В тот же день, в первый день осады, наступивший за последней ночью бесполезного, стоившего стольких жертв штурма, король приказал собраться всем польским командирам и всем офицерам наемных частей. Некоторых недосчитались, и среди таковых, к огорчению Сигизмунда, оказался человек, так приглянувшийся ему в последние дни: без вести пропал Фриц Майер.

Несколько поляков тотчас сообщили, что последней ночью Фриц вел в наступление доверенную ему роту жолнеров.[71]

— Мы видели, как капитан Майер упал, скошенный выстрелом, — в один голос сообщили расстроенному королю солдаты. — Наверняка он убит.

Но это было не совсем так. И поляки, говоря о гибели немецкого офицера, не ошибались. Они просто лгали.


Когда грохот и вой пушек ненадолго смолк, когда поднятые над стеной факелы вновь озарили равнину, бегущих солдат и раскиданные повсюду тела, поляки заметили, как капитан Майер, перед тем ведший их на приступ и сраженный пулей, вдруг привстал с земли, опершись на колено. Он тоже увидел пробегавших мимо солдат и стал явственно звать на помощь, махая рукой. Но жолнеры, словно не замечая капитана, один за другим исчезали в дыму. Один — молоденький — было сделал движение в его сторону, но приятель ухватил его за рукав — они были всего лишь в десяти саженях от стены, на голом пятачке и в любой момент русские могли вновь начать обстрел. Солдатик отвел взгляд, сделав вид, что не заметил Фрица, и споро побежал дальше. Фриц почувствовал, как все нутро его выворачивается наизнанку — удушье мгновенно сдавило виски, дыхание застыло в горле, все вокруг было глухо, звуки еле раздавались вдали… Боже правый, что происходит, — Фриц не верил сам себе… Мир рухнул: солдаты бросили своего офицера… Фриц, уже севший на землю, теперь попытался приподняться — и тут его резко вывернуло наизнанку. Фрица неудержимо рвало. Опустошенный, он еще раз отчаянно что-то закричал, размахивая сорванным стальным шлемом, снова попробовал встать на ноги — и окончательно потерял сознание…

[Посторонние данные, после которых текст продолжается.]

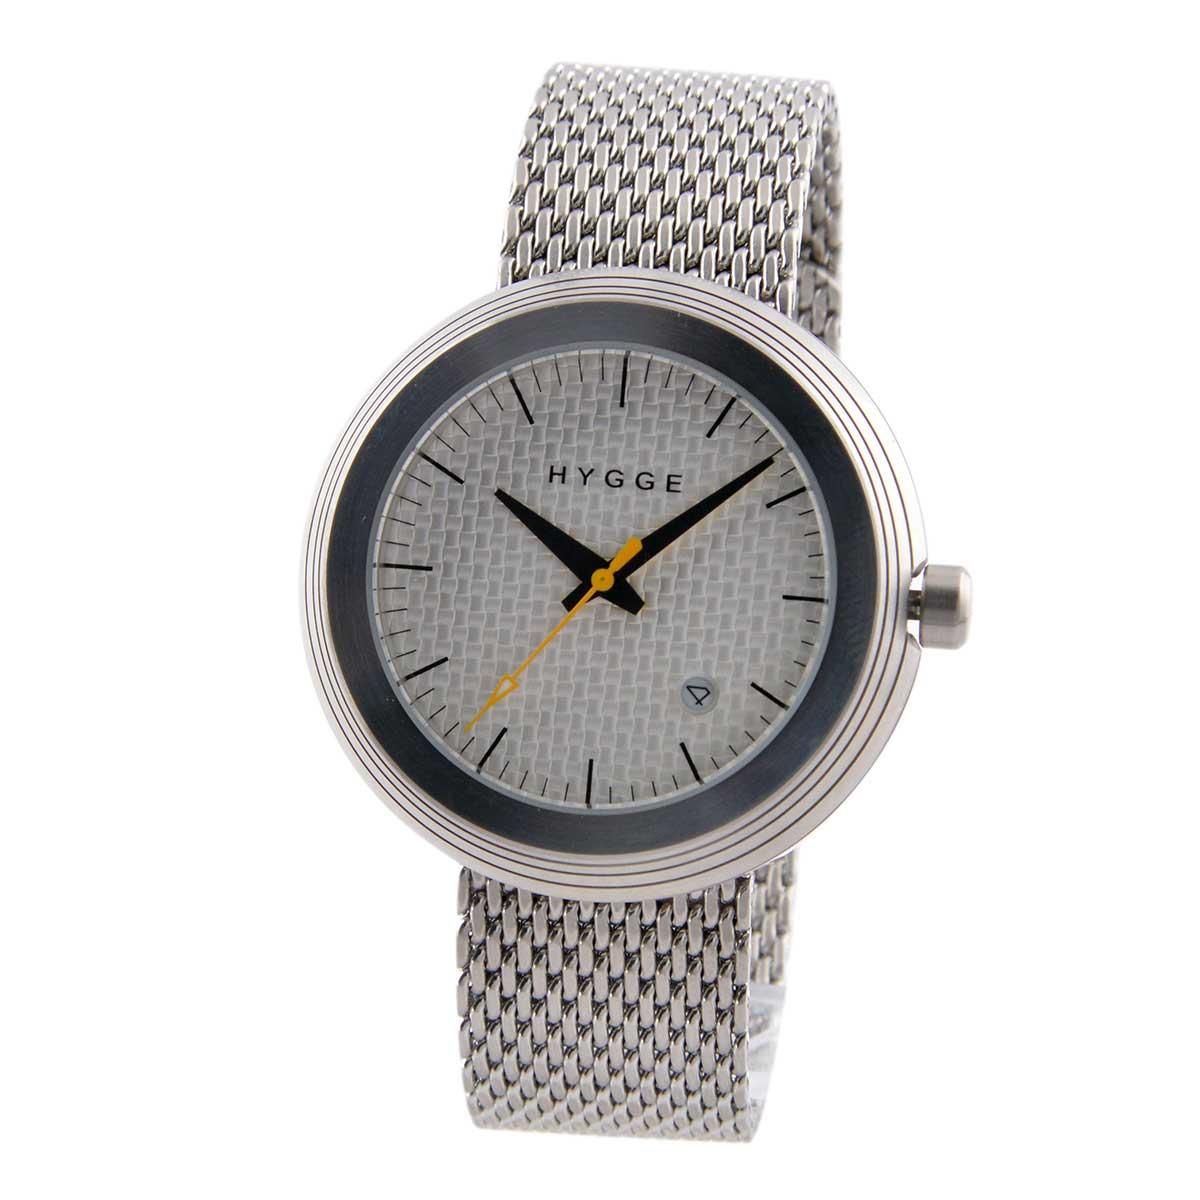 ヒュッゲ HYGGE メッシュ MSM2311D(CH) ユニセックス メンズ レディース 腕時計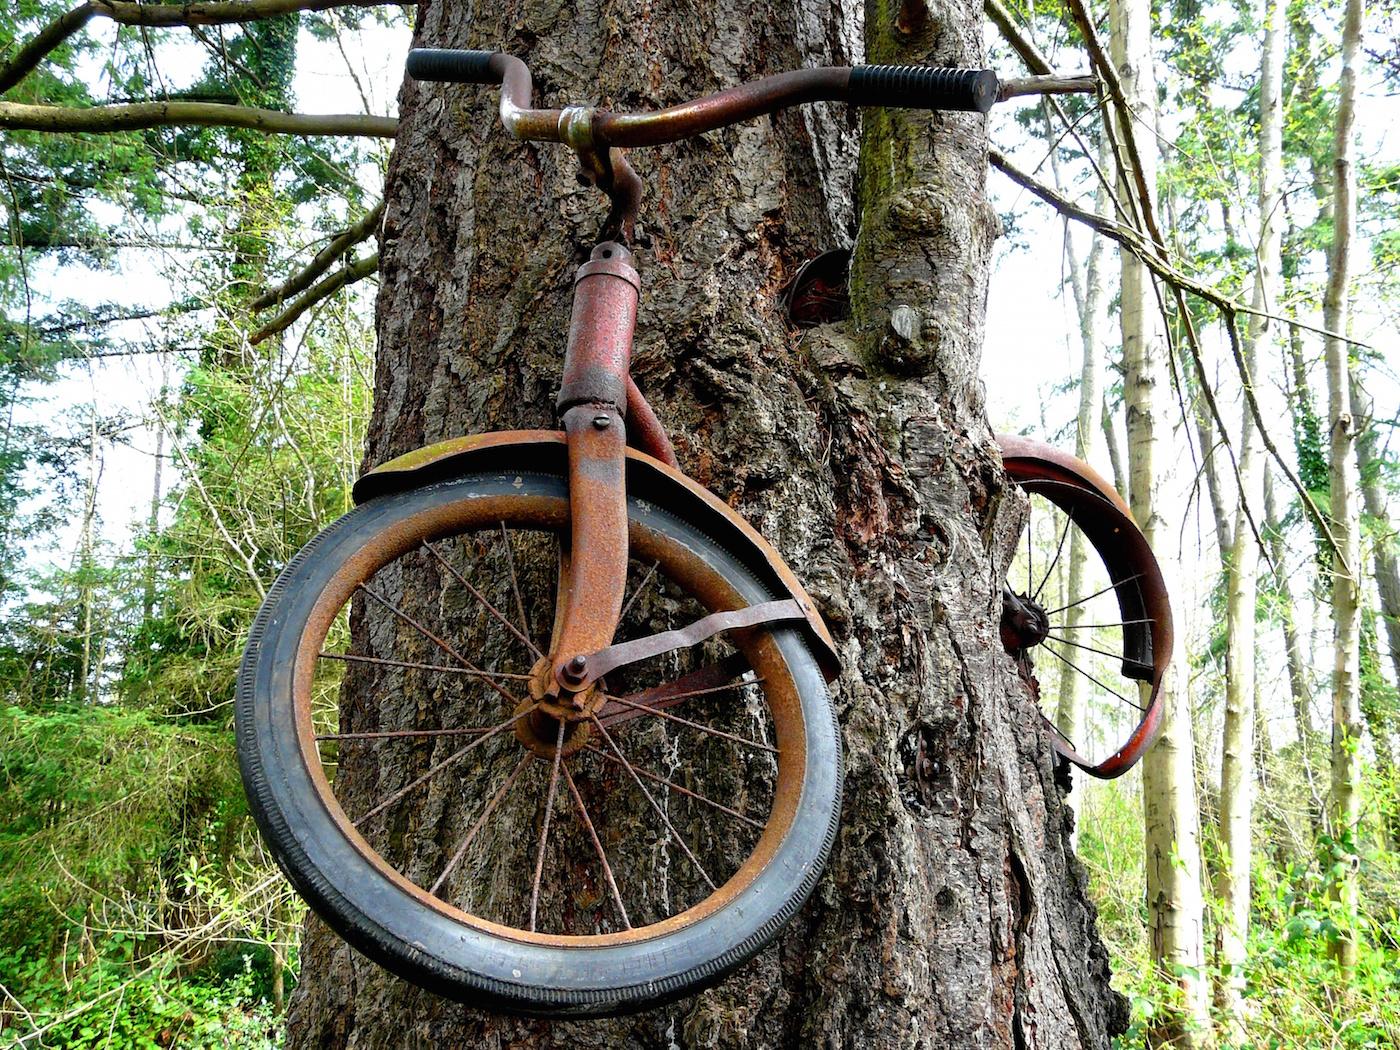 Bike Tree, Vashon Island, India

Сколько прошло времени, он не знал. Когда капитан Майер пришел в себя, по-прежнему царила ночь, расцвеченная лишь несколькими редкими факелами со стен. Вокруг — ни души. Ни со стороны крепости, ни оттуда, где располагались передовые отряды польской армии, не доносилось более ни звука. Вполне возможно, русские не собирались тратить впустую смолы для своих громадных факелов. Огонь вскоре и вовсе погас. Скрылась за облаком и половинка луны. Стало темно.

Еще совсем недавно казалось: умело проведенная атака достигает, наконец, цели. Цепь атакующих обстреливала стену, не давая осадным людям встать в проемах между зубцами и столкнуть лестницы. Но тут заговорили русские пушки, задние ряды поляков спешно отступили, и те, кто уже поставил лестницы и поднимался по ним, оказались во власти защитников стены. Фриц помнил, как в него выстрелил широколицый, рыжебородый мужик, свесившийся над лестницей.

Пуля ударила в кирасу рядом с плечом, пробила ее, но вошла неглубоко. Просунув руку под свой нагрудник, Майер нащупал рану и убедился, что кровоточит она несильно, однако причиняет немалую боль. Ему показалось, он даже ощущает саму пулю — прямо под кожей. Левая рука почти не слушалась. Он снова попытался встать. Оказывается, и ноги слушались не вполне, но идти можно. Вряд ли теперь, когда все факелы погасли, его кто-то заметит. Идти было можно. Только ни черта не видно.